Data provided -
■ ■ ■
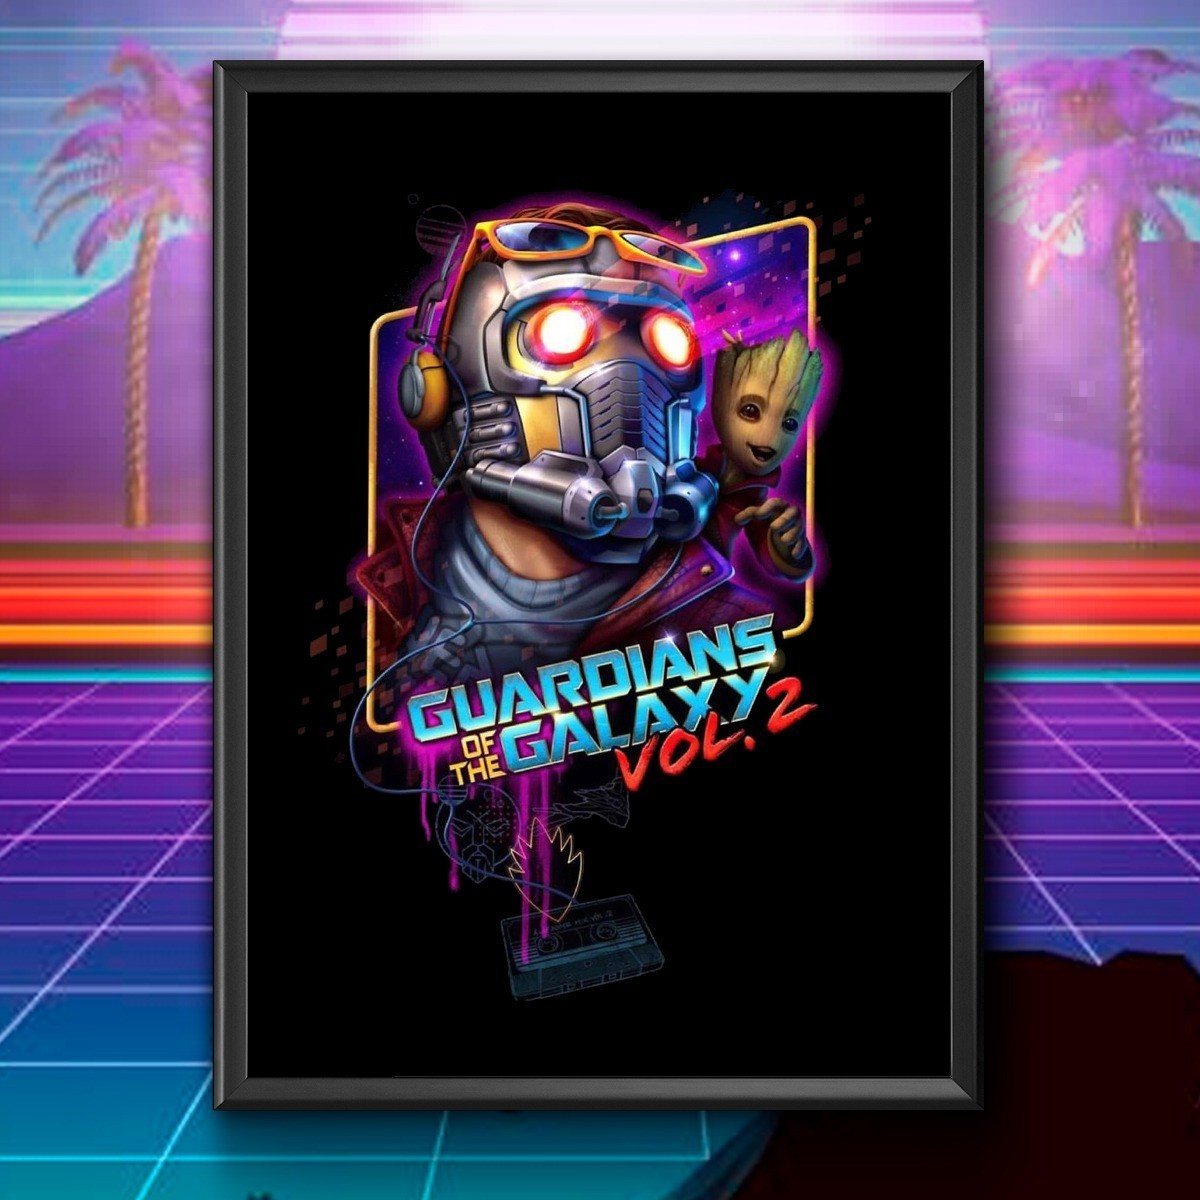 Quadro: Guardians Of The Galaxy Vol, 2
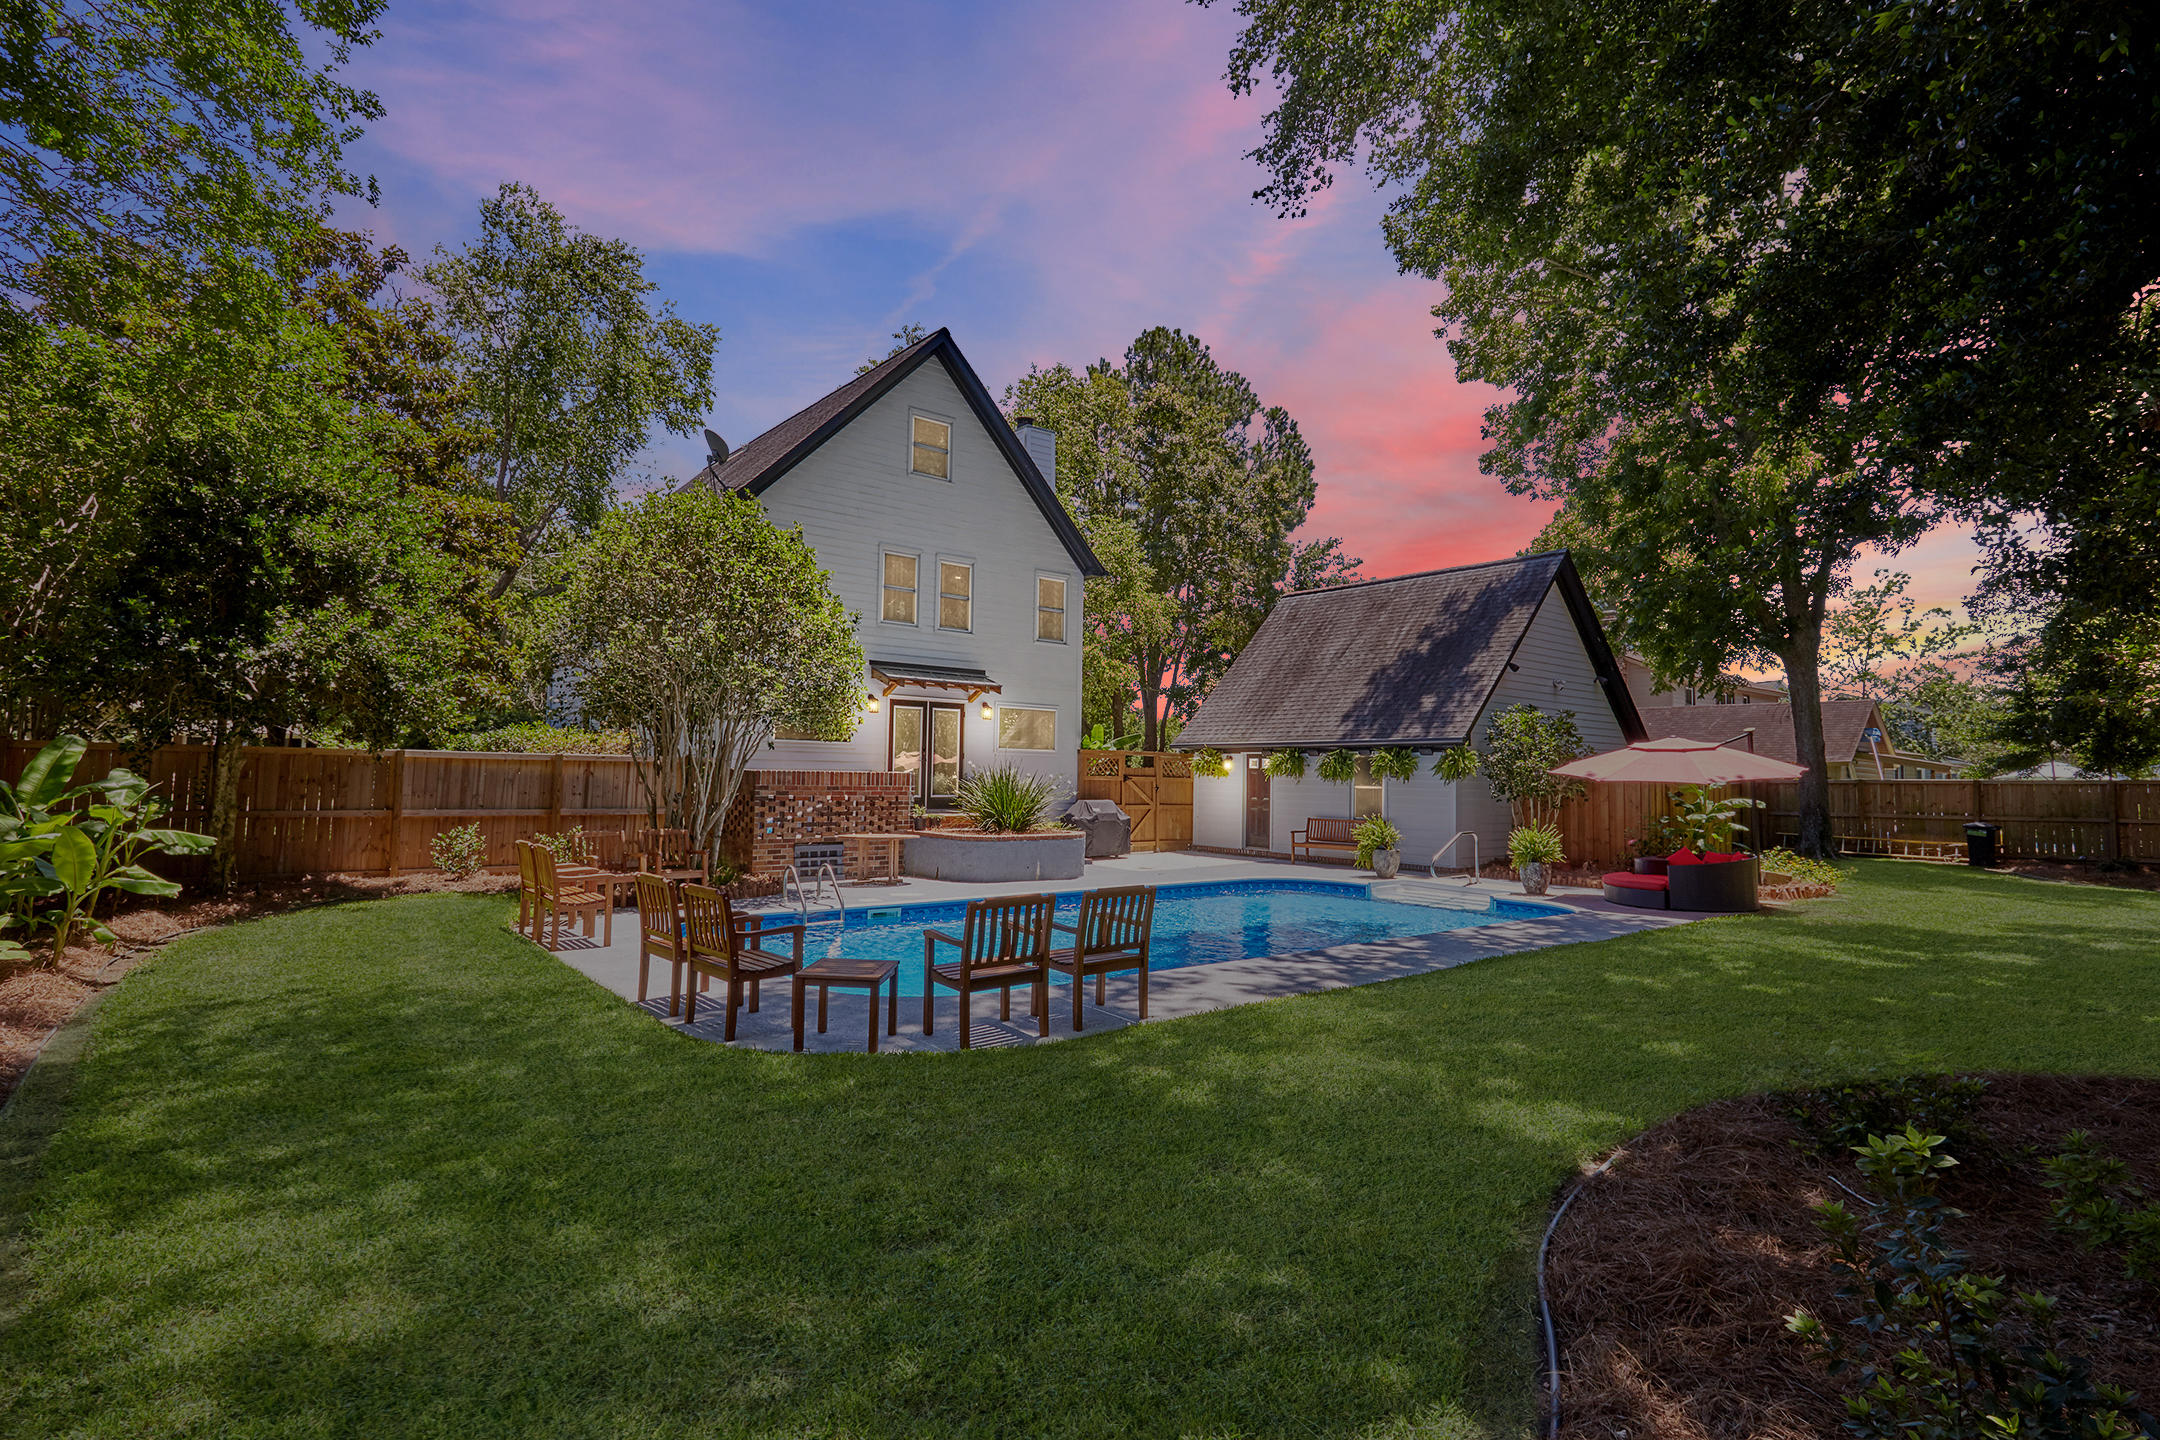 Stiles Point Plantation Homes For Sale - 699 Castle Pinckney, Charleston, SC - 1
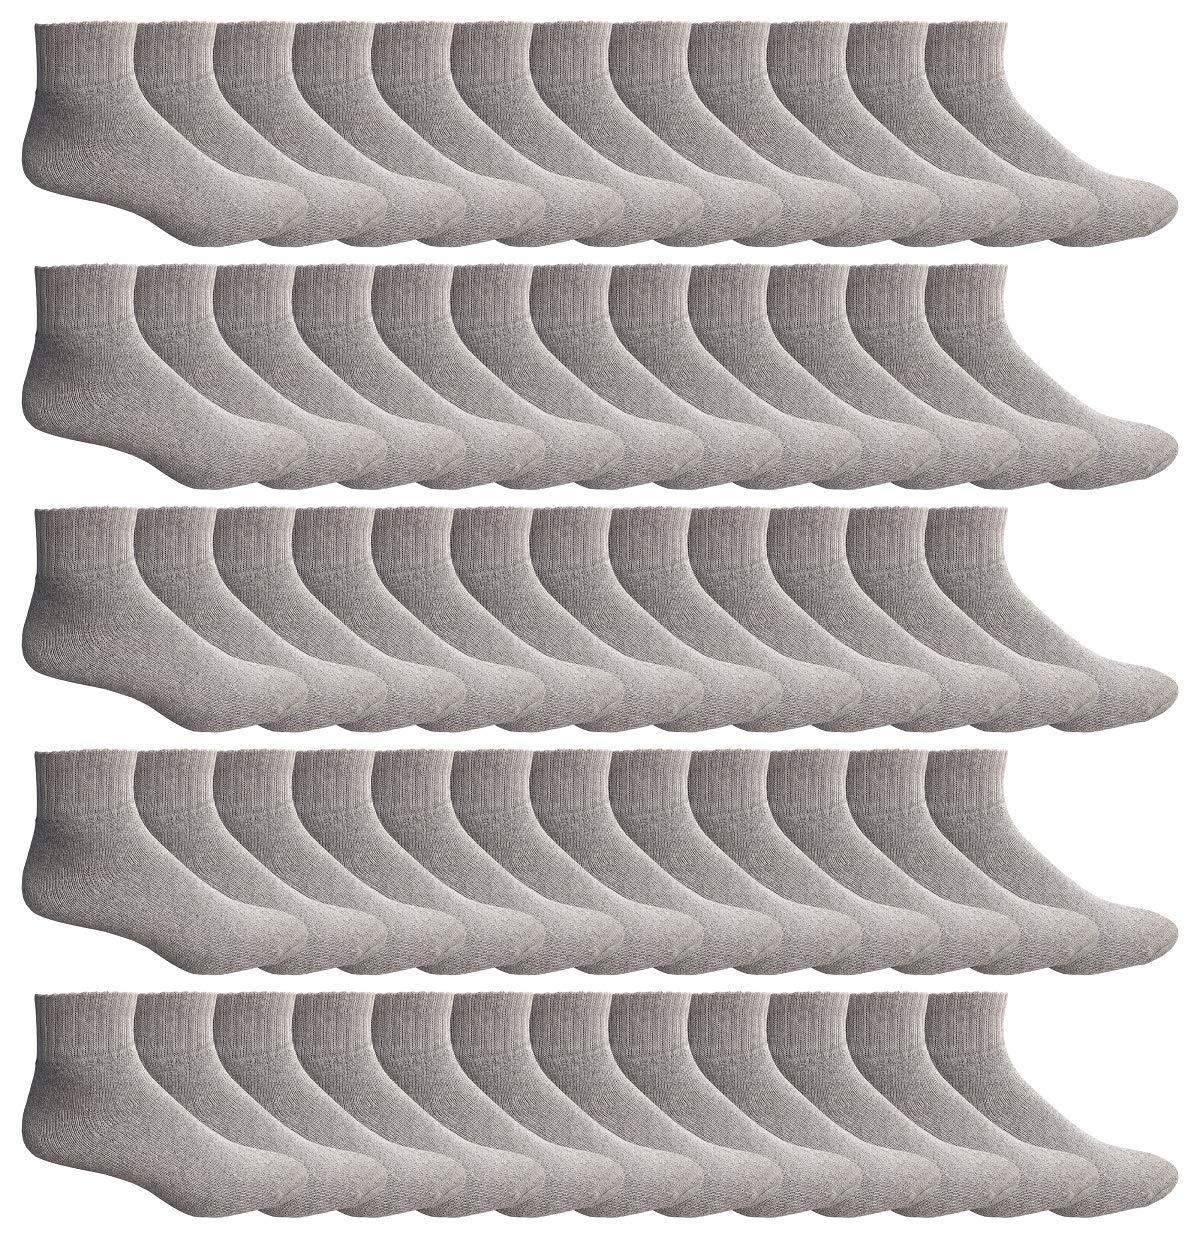 WSD Mens Ankle Socks, Wholesale Bulk Pack Athletic Sports Sock (180 Pairs Gray) by Wholesale Sock Deals (Image #1)
■ ■ ■
How to complete this task -
The expected answer is an unaltered copy of the listing, images removed.

Solution to the problem -
 Quadro: Guardians Of The Galaxy Vol, 2
 Stiles Point Plantation Homes For Sale - 699 Castle Pinckney, Charleston, SC - 1
 WSD Mens Ankle Socks, Wholesale Bulk Pack Athletic Sports Sock (180 Pairs Gray) by Wholesale Sock Deals (Image #1)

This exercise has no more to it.